## Required action
All pictures are to be dropped, and everything else in the data duplicated exactly.

## Data extract
--- START ---
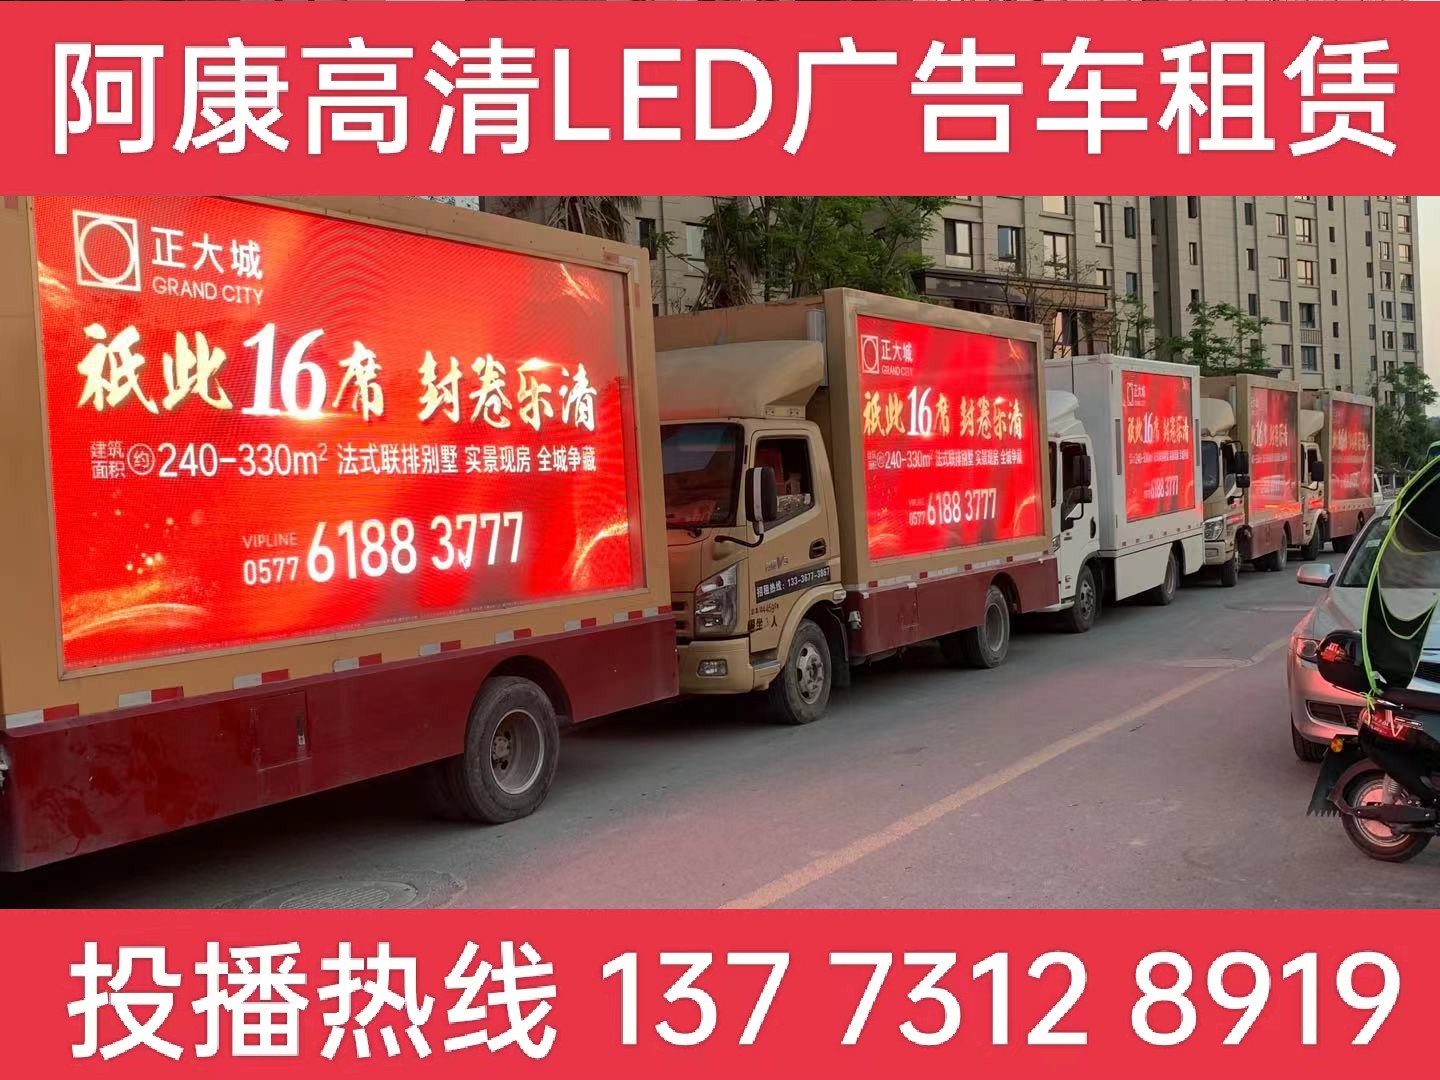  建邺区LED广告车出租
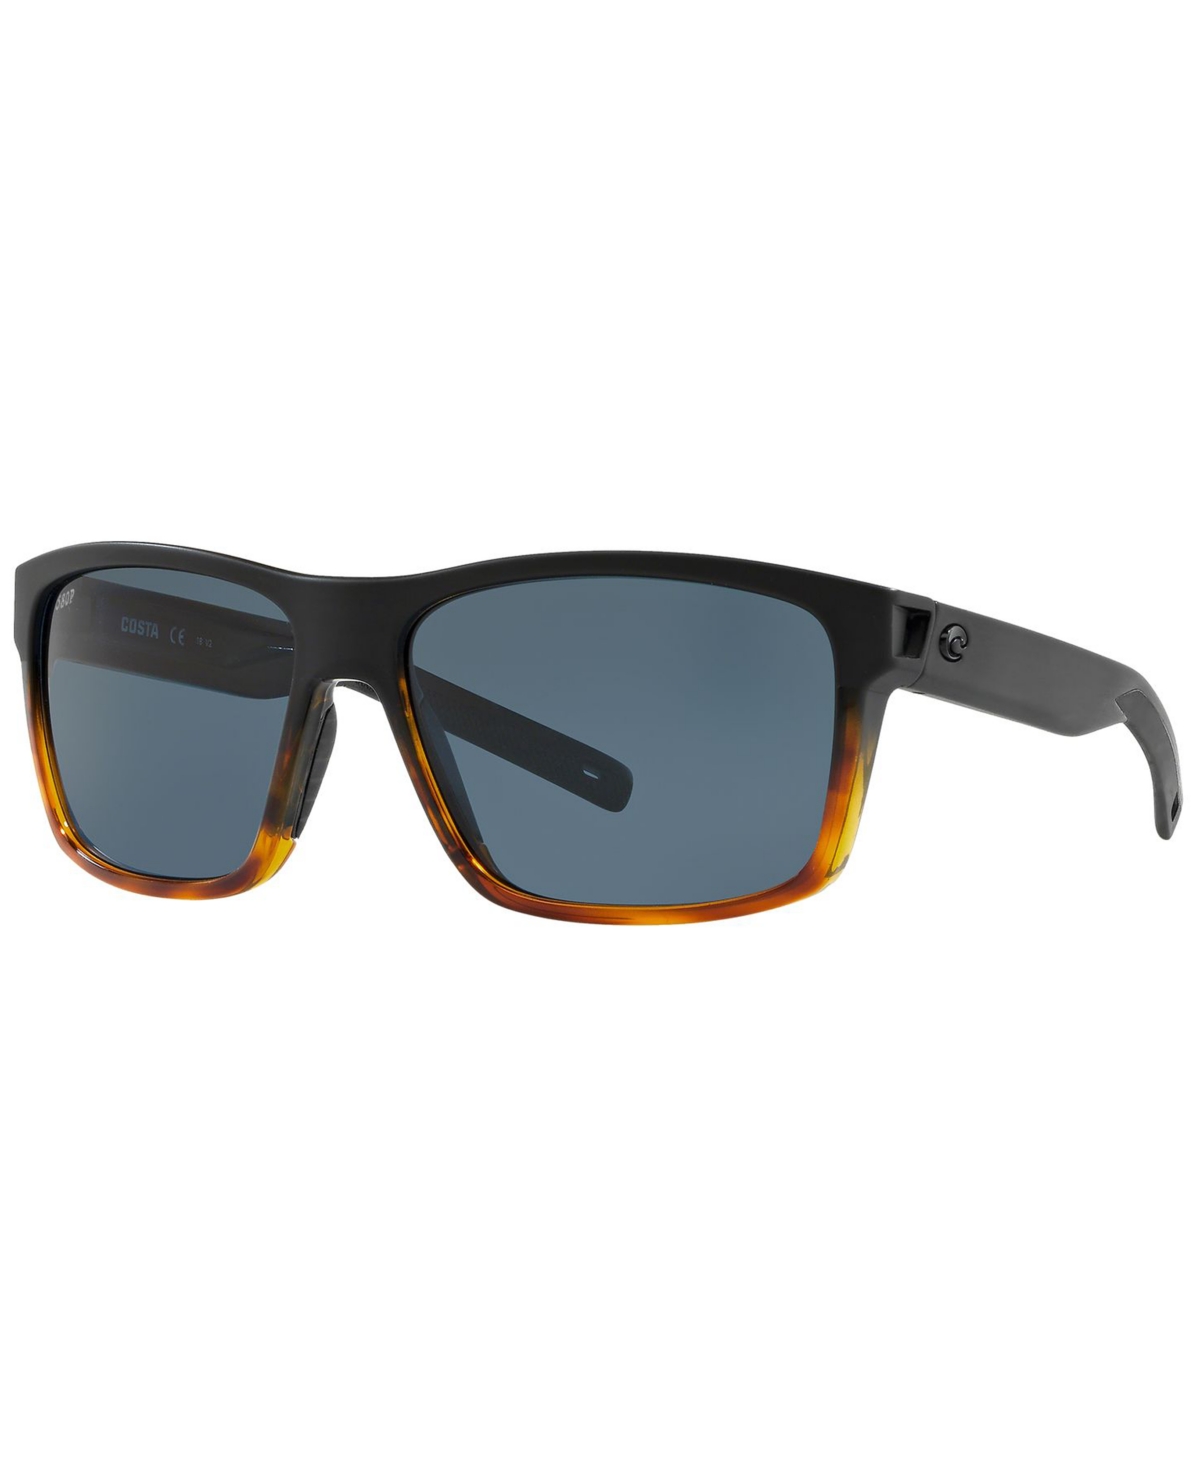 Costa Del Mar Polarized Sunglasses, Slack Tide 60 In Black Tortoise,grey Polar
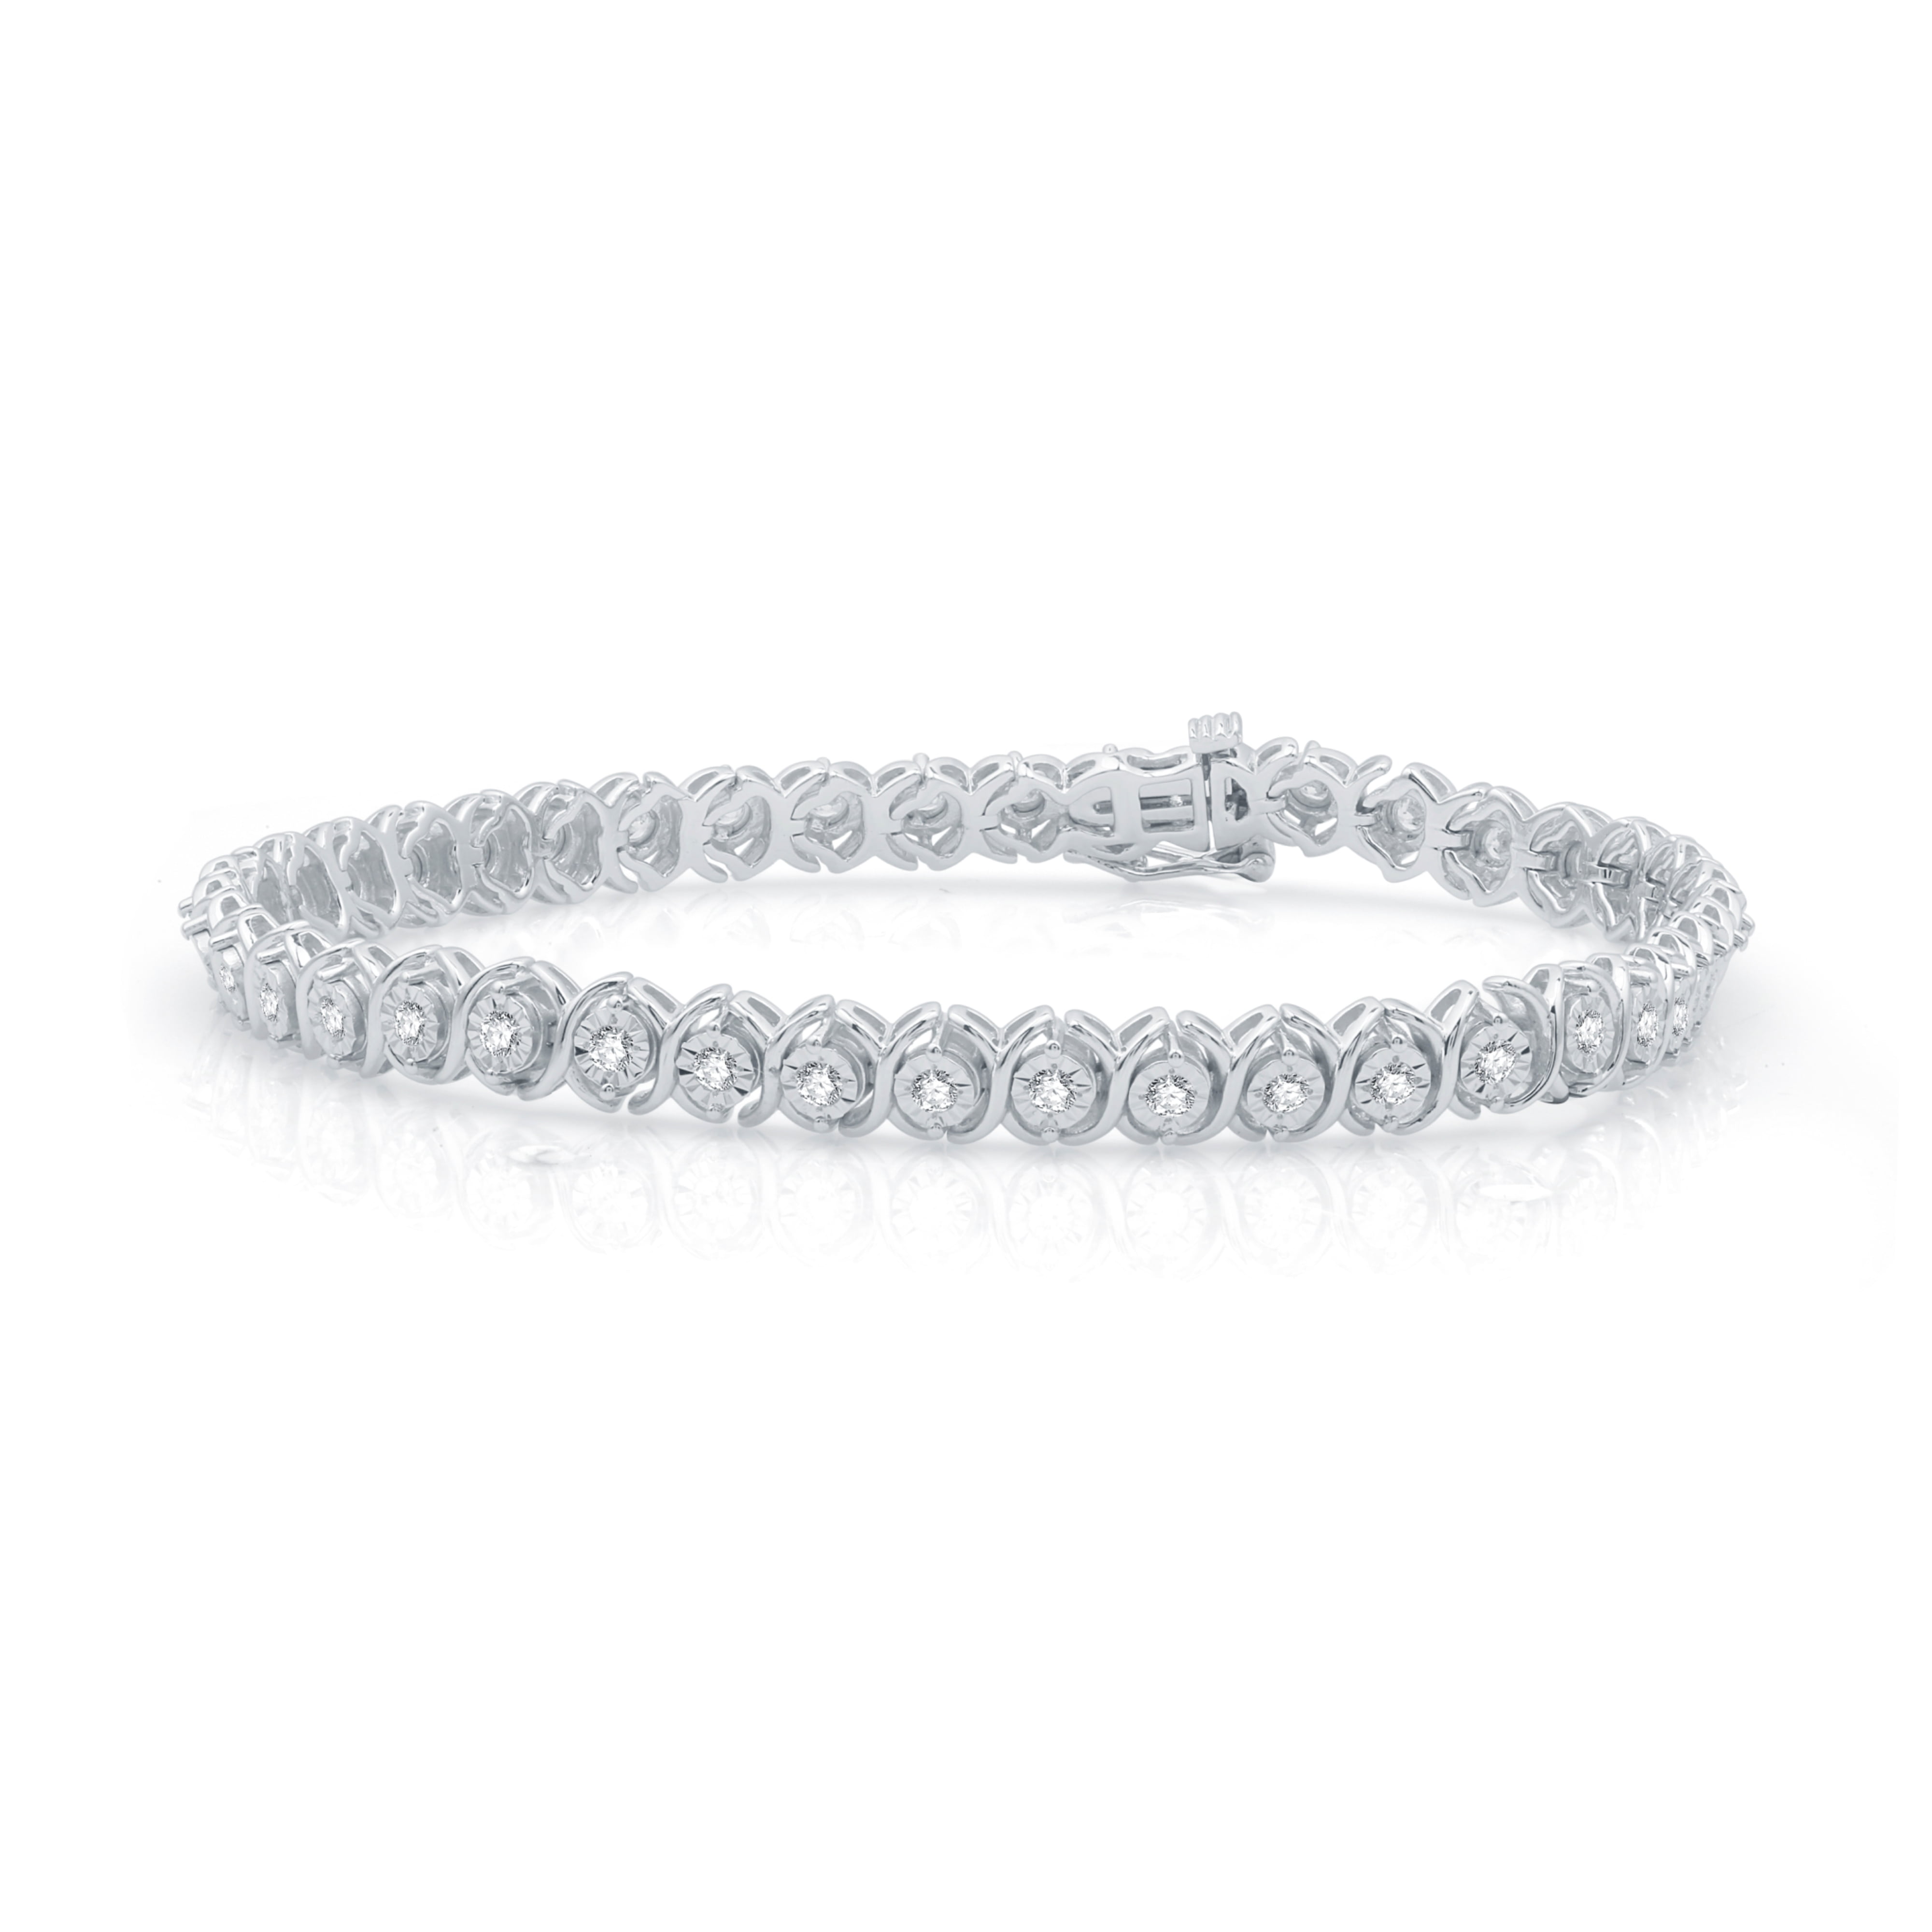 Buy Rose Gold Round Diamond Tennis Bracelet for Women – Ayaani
--- END ---
## Task answer
  建邺区LED广告车出租
 Costa Del Mar Polarized Sunglasses, Slack Tide 60 In Black Tortoise,grey Polar
 Buy Rose Gold Round Diamond Tennis Bracelet for Women – Ayaani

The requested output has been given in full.